Giwa faham, sepertinya anak kecil di sampingnya itu tengah berusaha mencari perhatian dari sang ayah yang terlalu sibuk dengan kerjaan. Memang sudah menjadi fenomena yang sangat umum di zaman sekarang, di mana orang tua telalu sibuk bekerja hingga lupa dengan waktunya bersama keluarga terutama anak-anak mereka. Padahal selain uang, anak-anak juga butuh perhatian dan waktu orang tuanya.

"Daddy nya Farel kan sibuk karena cari uang, buat sekolah Farel buat jajannya Farel. Kalau Daddy tidak sibuk kerja Farel jajan pakai uang siapa. Pulang dulu ya Nak sekarang," bujuk Giwa lagi. Laki-laki kecil di sampingnya ini teryata sedikit keras kepala.

Setelah diam beberapa saat, akhirnya Farel mengangguk. Dia mau pulang bersama sopirnya. Sopir yang menjemputnya pun tersenyum senang, hari ini dia selamat dari amukan tuannya. Biasanya tuan mudanya itu akan sangat keras kepala dan tidak bisa di bujuk sama sekali, jika mengatakan ingin pulang bersama daddynya meski sampai malam pasti tetap dia tunggu. Dan hasilnya dia yang bertugas menjaga dan menjemput tuan mudanya akan menjadi sasaran amukan tuannya karena di nilai tidak pecus dalam menjalankan tugasnya.

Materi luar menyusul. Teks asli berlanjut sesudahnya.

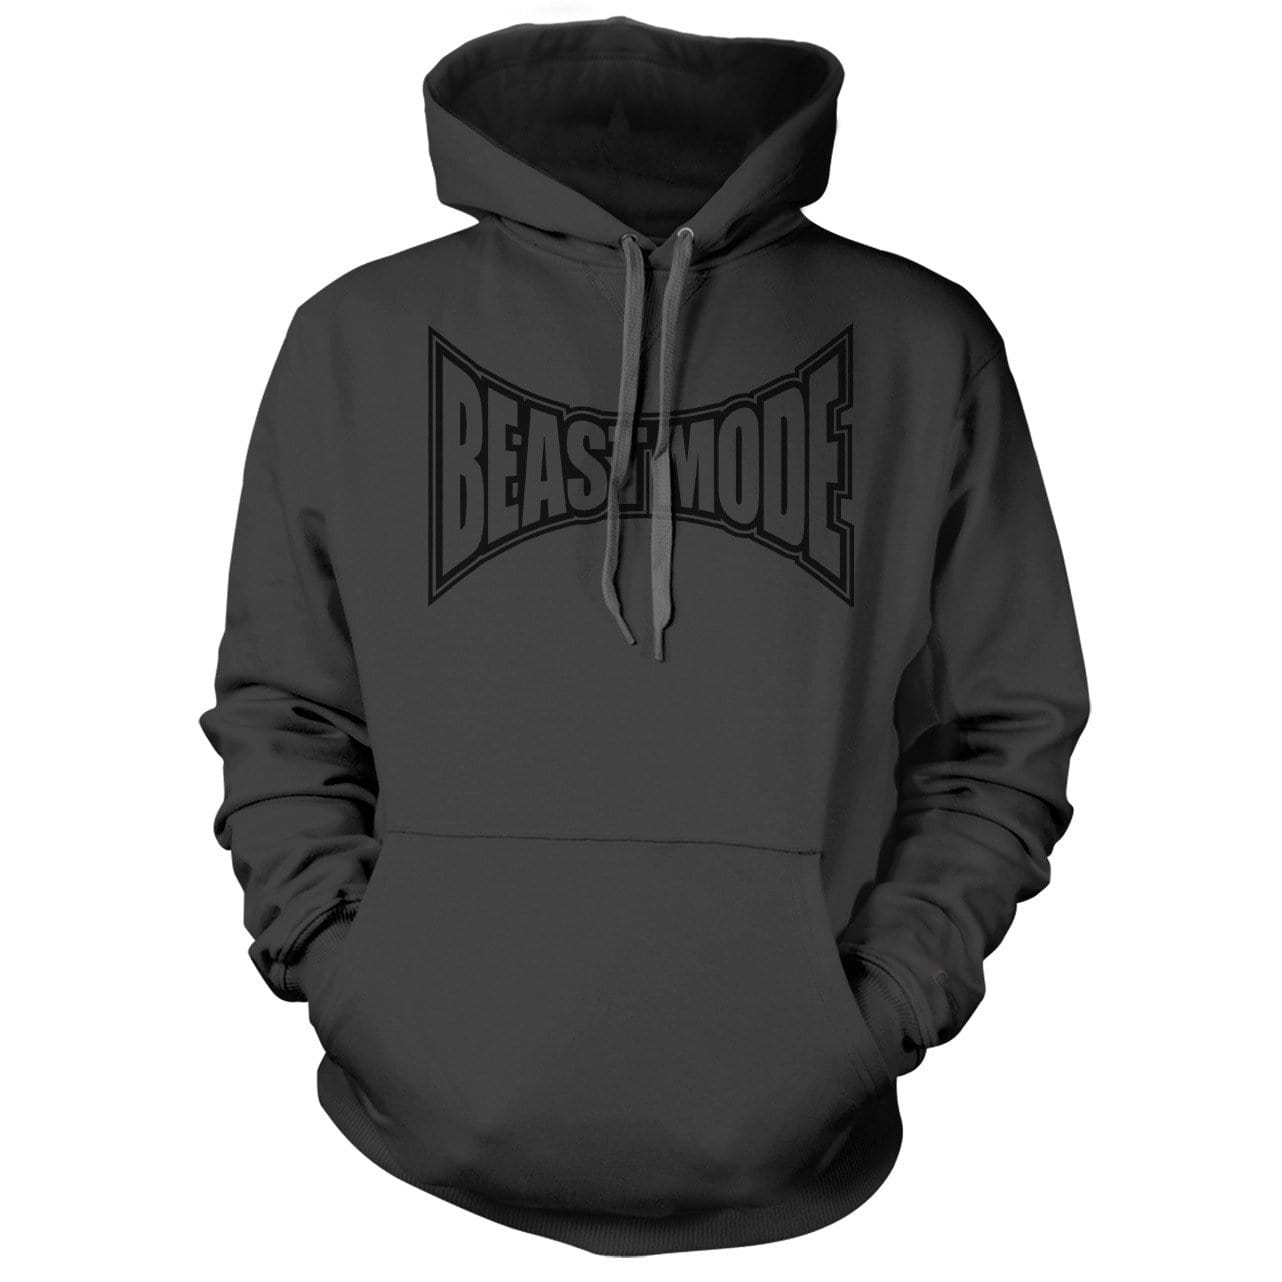 Beast Mode Charcoal Hoodie - We Got Teez
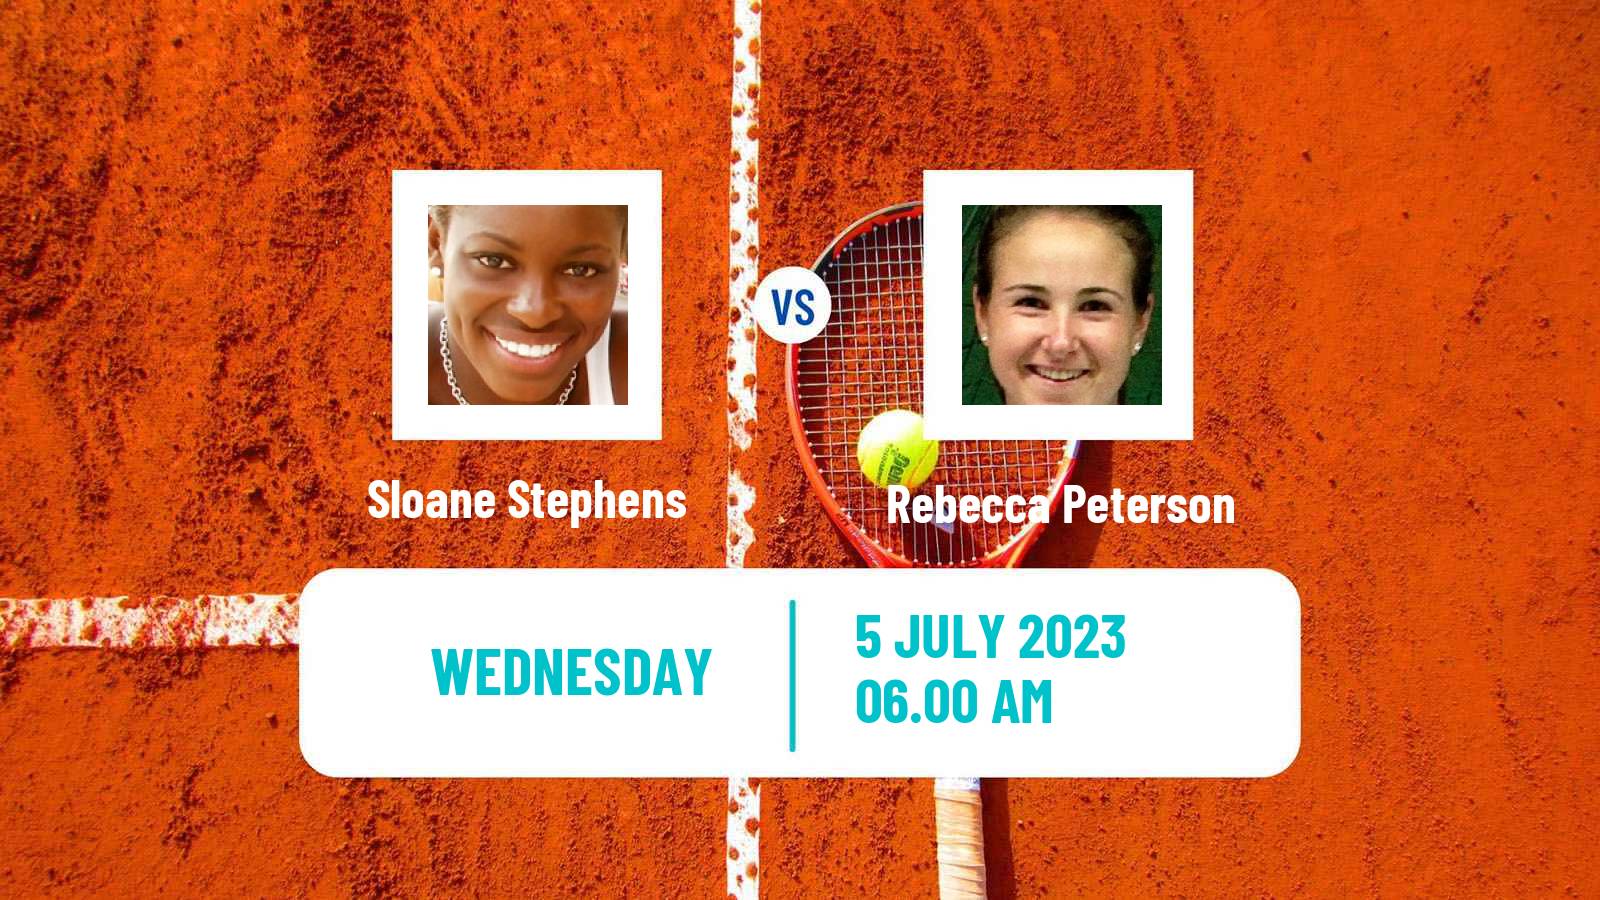 Tennis WTA Wimbledon Sloane Stephens - Rebecca Peterson
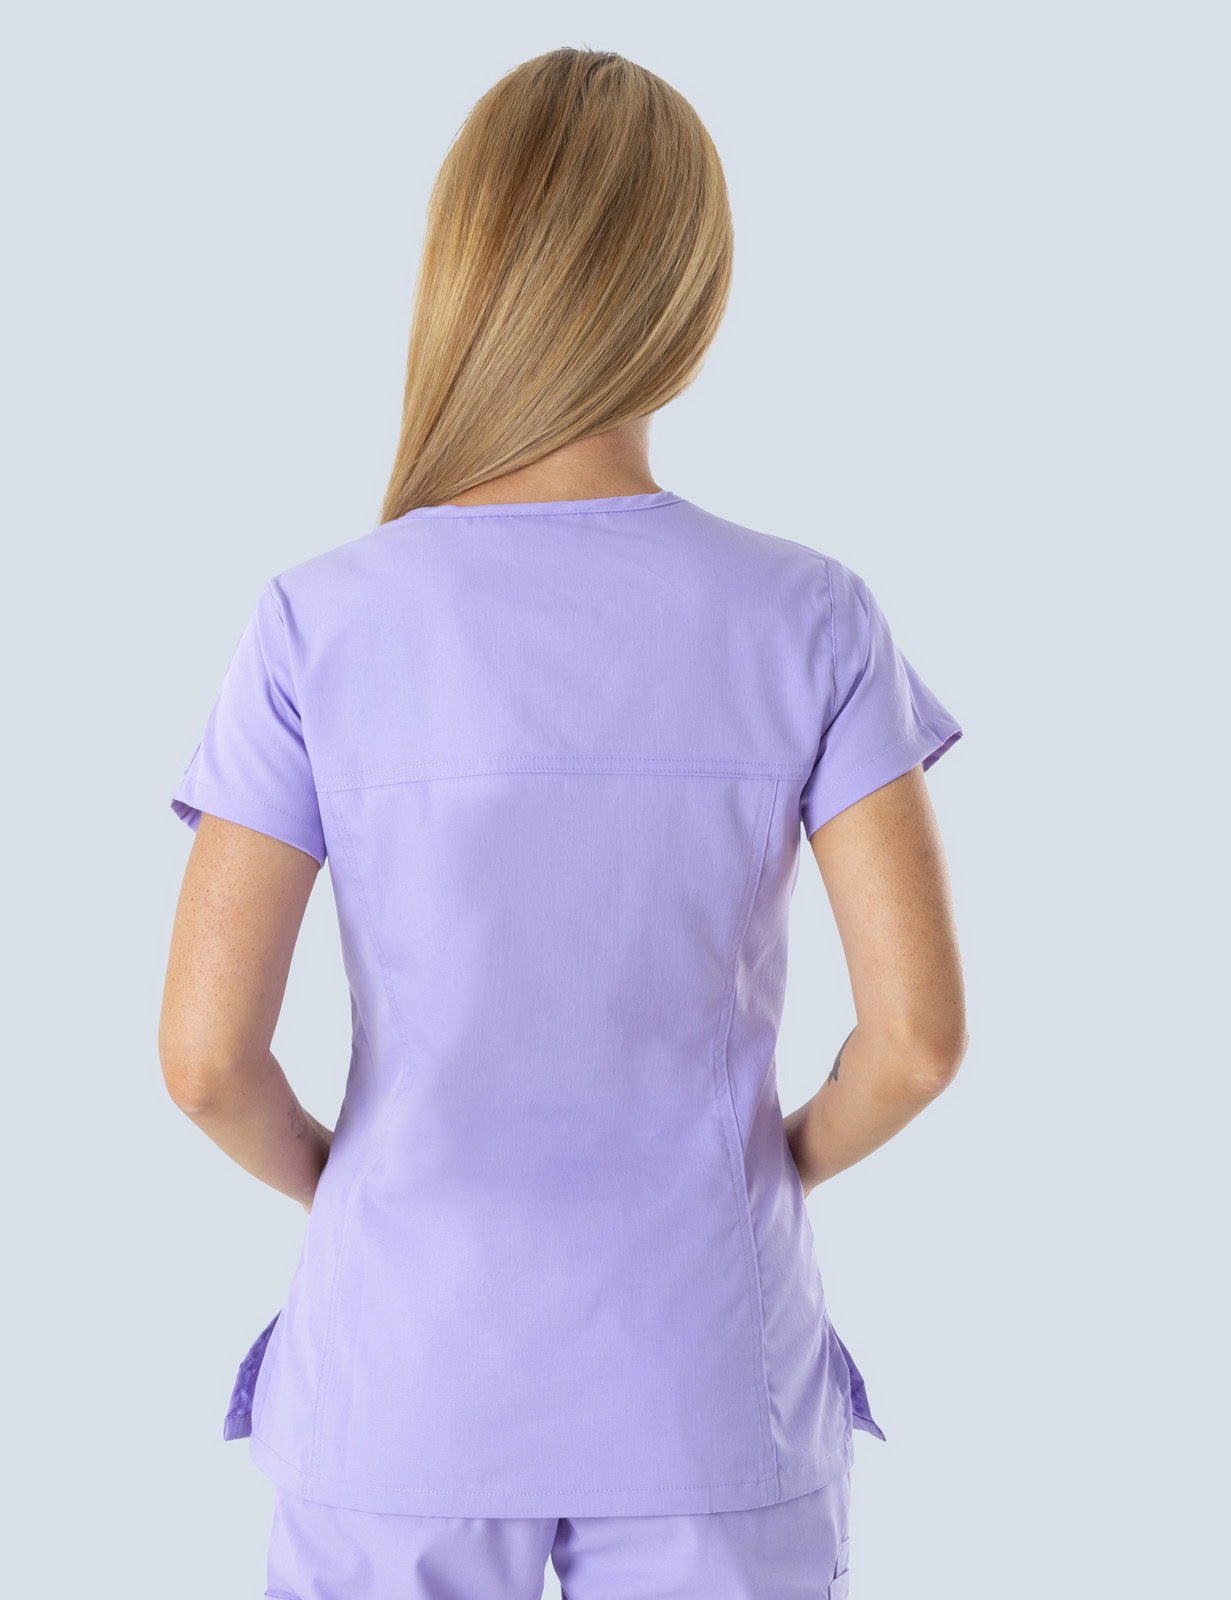 Queensland Children's Hospital Emergency Department Assistant Nurse Unit Manager Uniform Top Bundle  (Women's Fit Top in Lilac incl Logos)

"Terimakasih ya Bu, sudah mau membantu membujuk Tuan Farel. Kalau begitu saya pamit dulu." Pamit sopir itu pada Giwa.

"Iya Pak, sama-sama silahkan." Balas Giwa.

"Farel tidak pamitkan sama Ibu?" ucap Giwa saat melihat Farel yang sudah ingin pergi.

Seketika langkah Farel terhenti, dia berbalik dan menyalami gurunya itu.

"Nama Ibu siapa?" tanya Farel saat mencium tangan Giwa.

"Citra, panggil Bu Citra ya." Jawab Giwa.

"Bu Citra, Farel pulang dulu ya." Pamit Farel.

"Iya Sayang hati-hati ya."

Setelah itu Farel benar-benar pergi di ikuti oleh sopirnya.

*** BERSAMBUNG***

SAYA BARU PERKENALKAN GIWA YA, BUKAN BERARTI LANGSUNG SELESAI. INI MASIH KENALAN HEHEHE..

Yang bingung Giwa itu siapa, giwa itu anaknya ayah Rehan dan Bunda Dita (Naughty Wife). Adiknya abang Raja( Jodoh Nona Militer) dan A'a Rafa (SUMI)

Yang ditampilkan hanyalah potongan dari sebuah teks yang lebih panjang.